=== Work instruction ===
Your answer must match, word for word, the lines from the one holding "Doporučení pro úpravy" through the final line below, with pictures excluded.

=== Information supplied ===
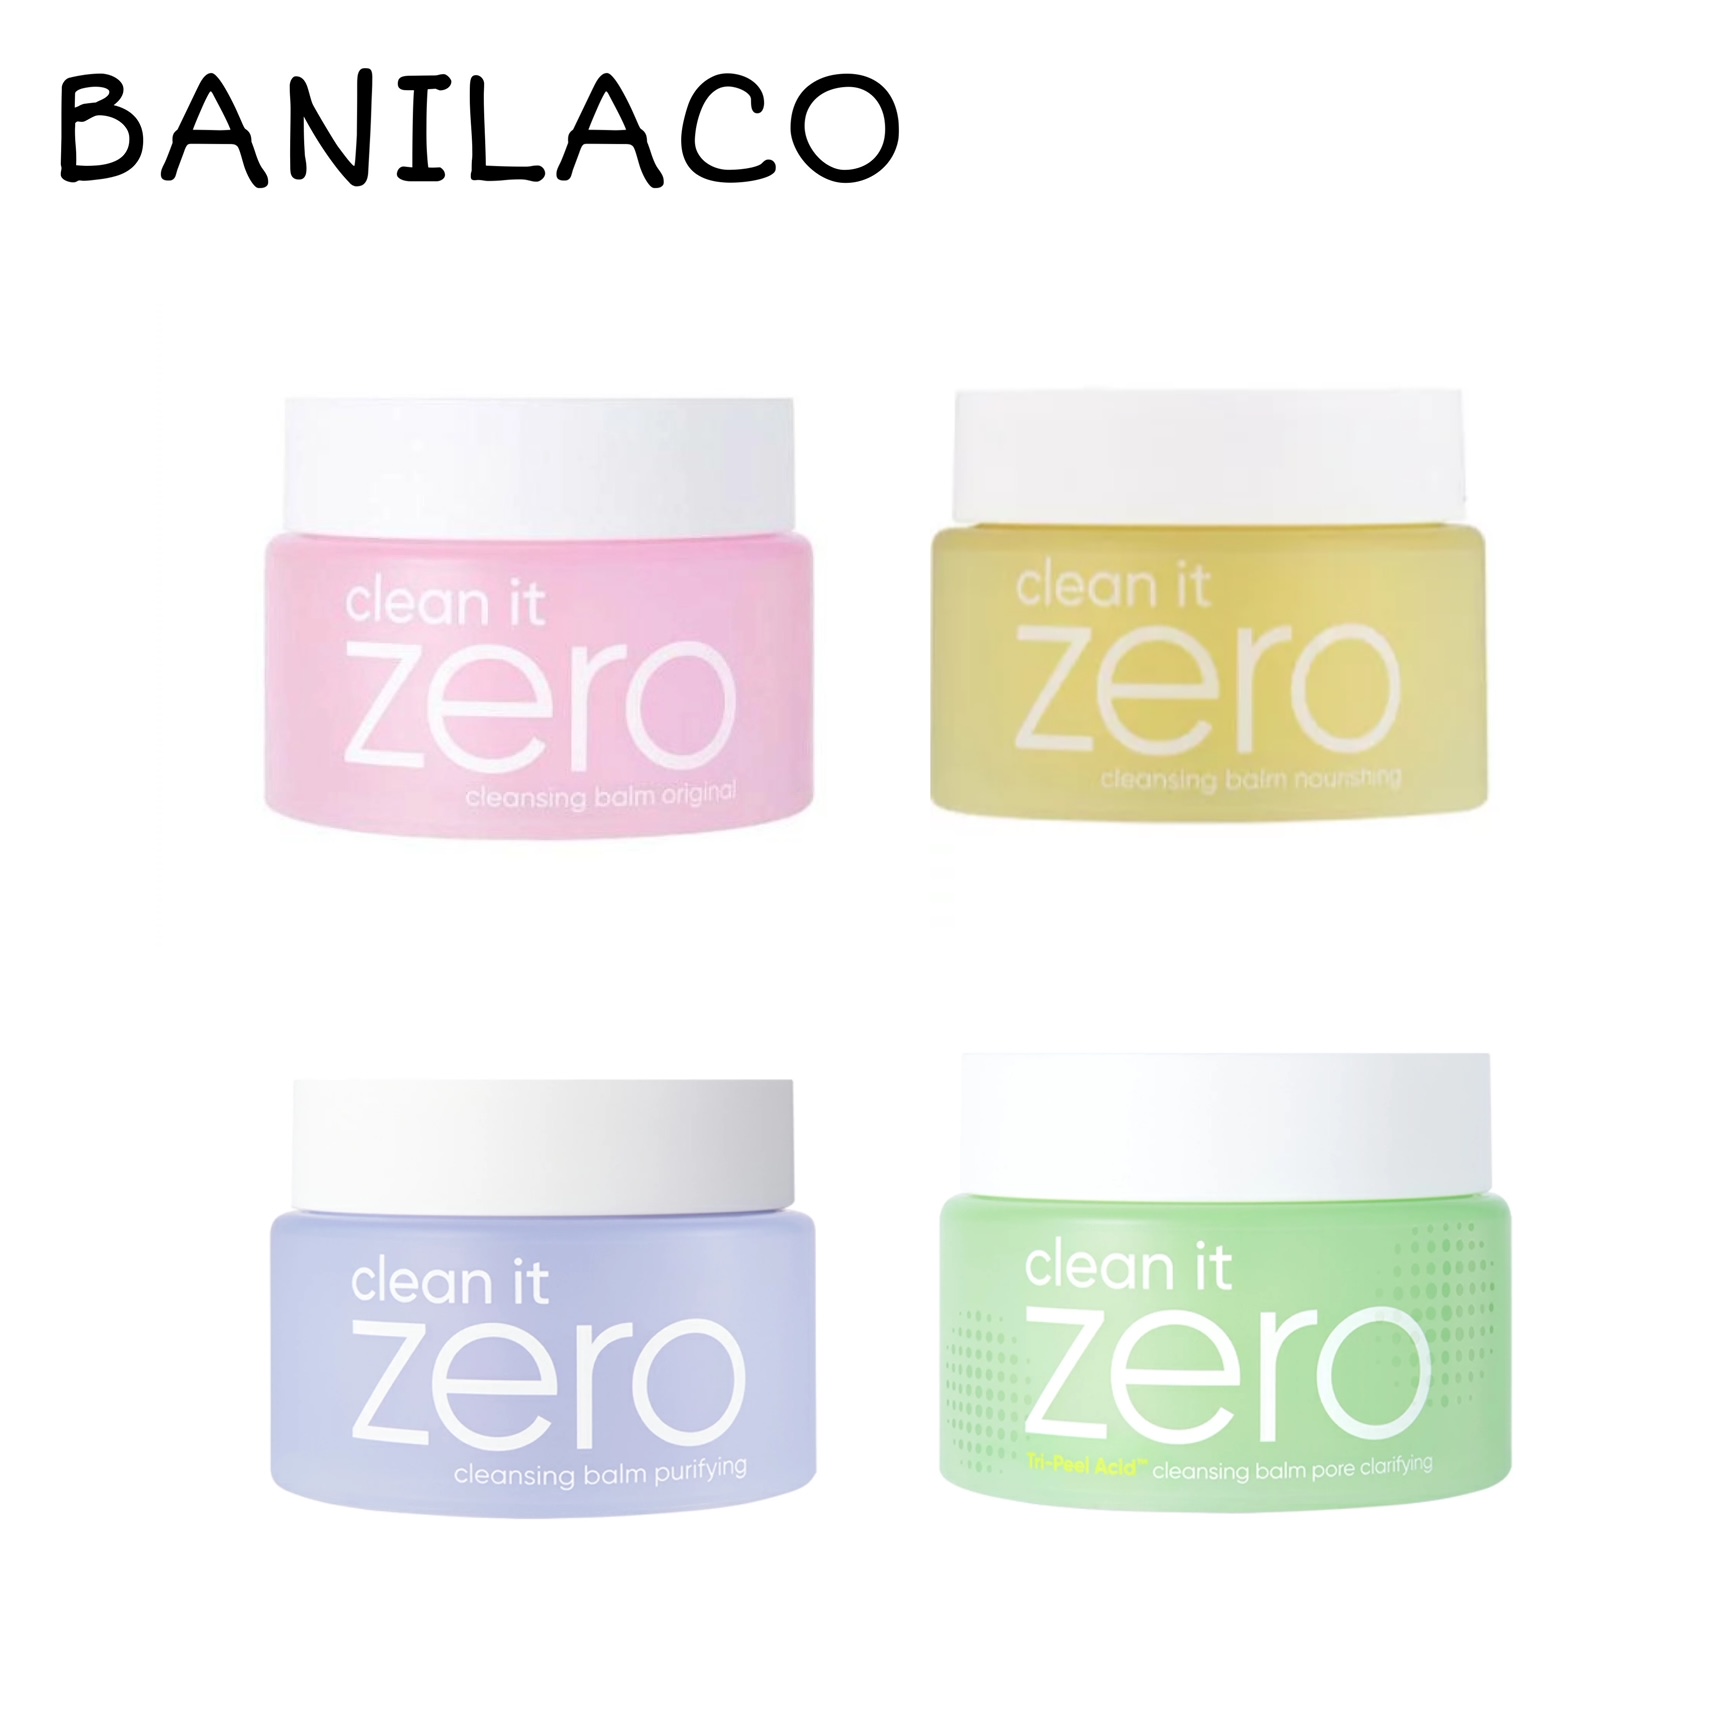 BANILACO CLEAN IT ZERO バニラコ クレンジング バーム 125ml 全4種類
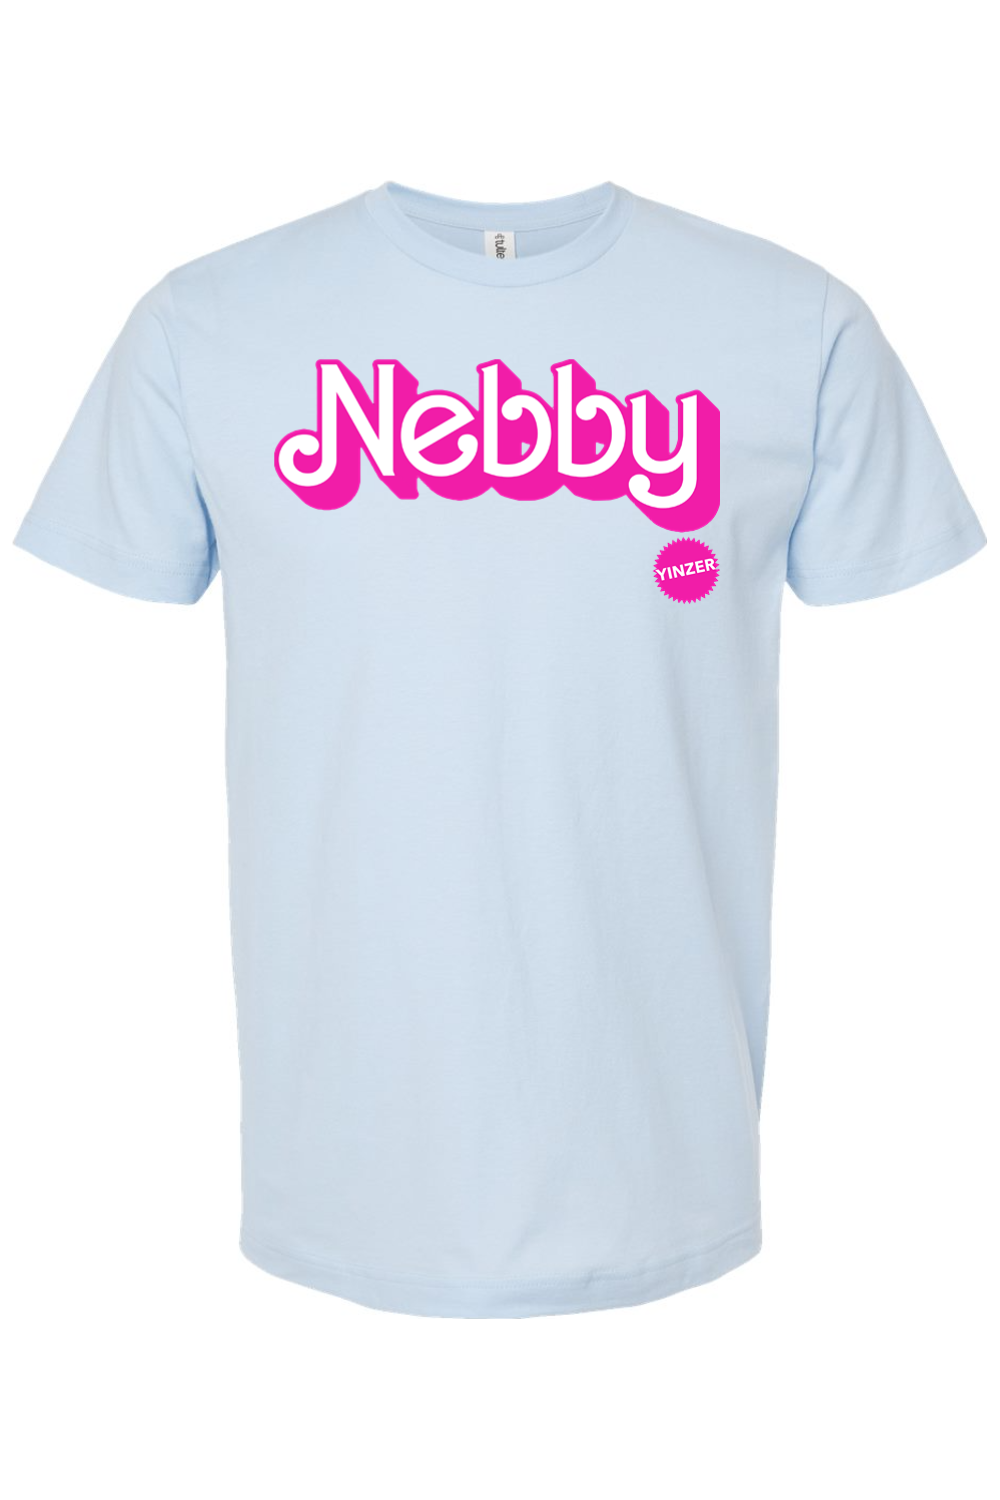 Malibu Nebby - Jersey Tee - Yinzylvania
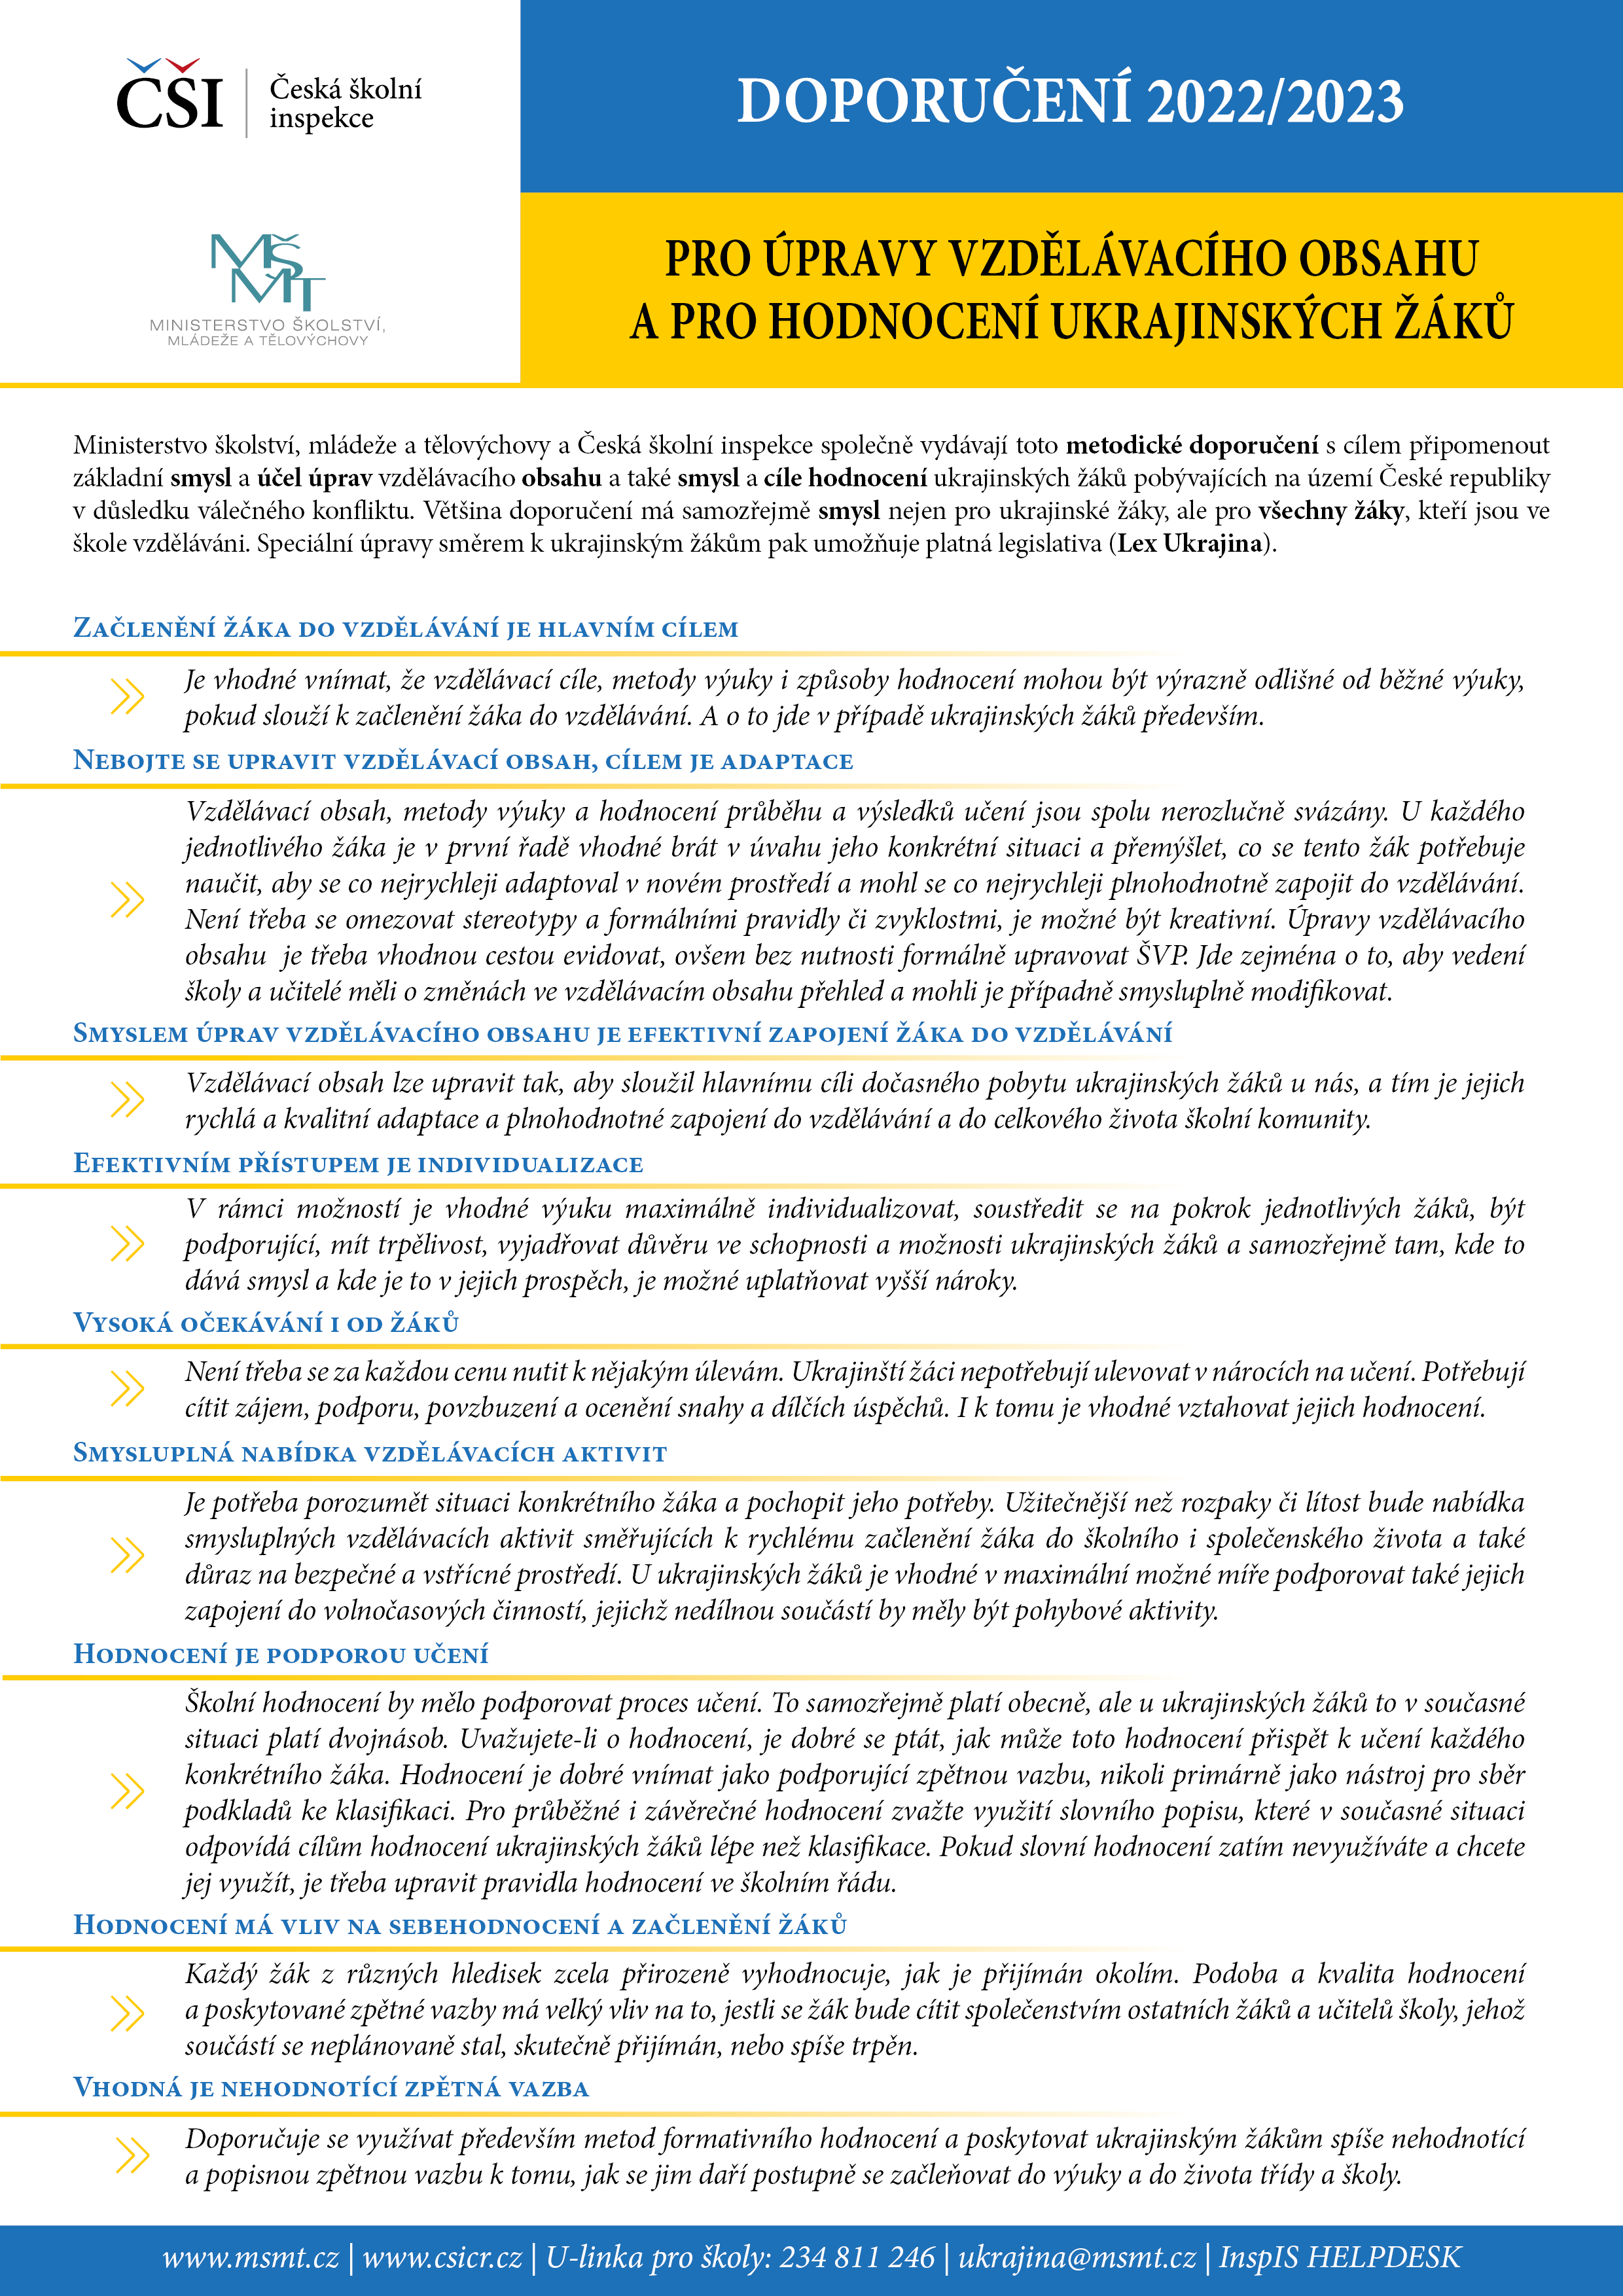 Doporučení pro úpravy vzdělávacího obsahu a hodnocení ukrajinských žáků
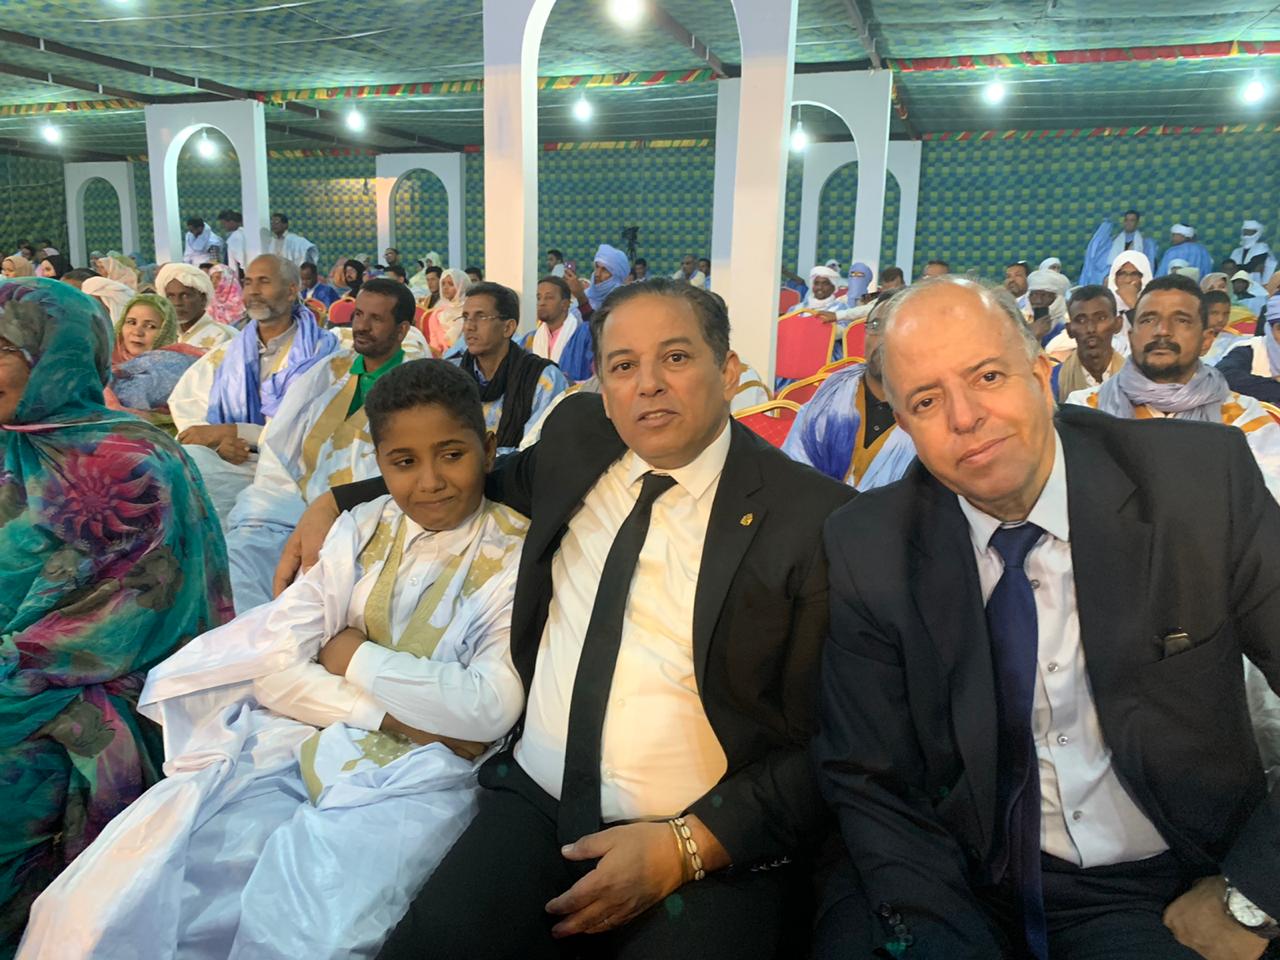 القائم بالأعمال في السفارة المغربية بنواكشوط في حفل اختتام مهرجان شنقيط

=== Answer to this exercise ===
 Doporučení pro úpravy vzdělávacího obsahu a hodnocení ukrajinských žáků
 القائم بالأعمال في السفارة المغربية بنواكشوط في حفل اختتام مهرجان شنقيط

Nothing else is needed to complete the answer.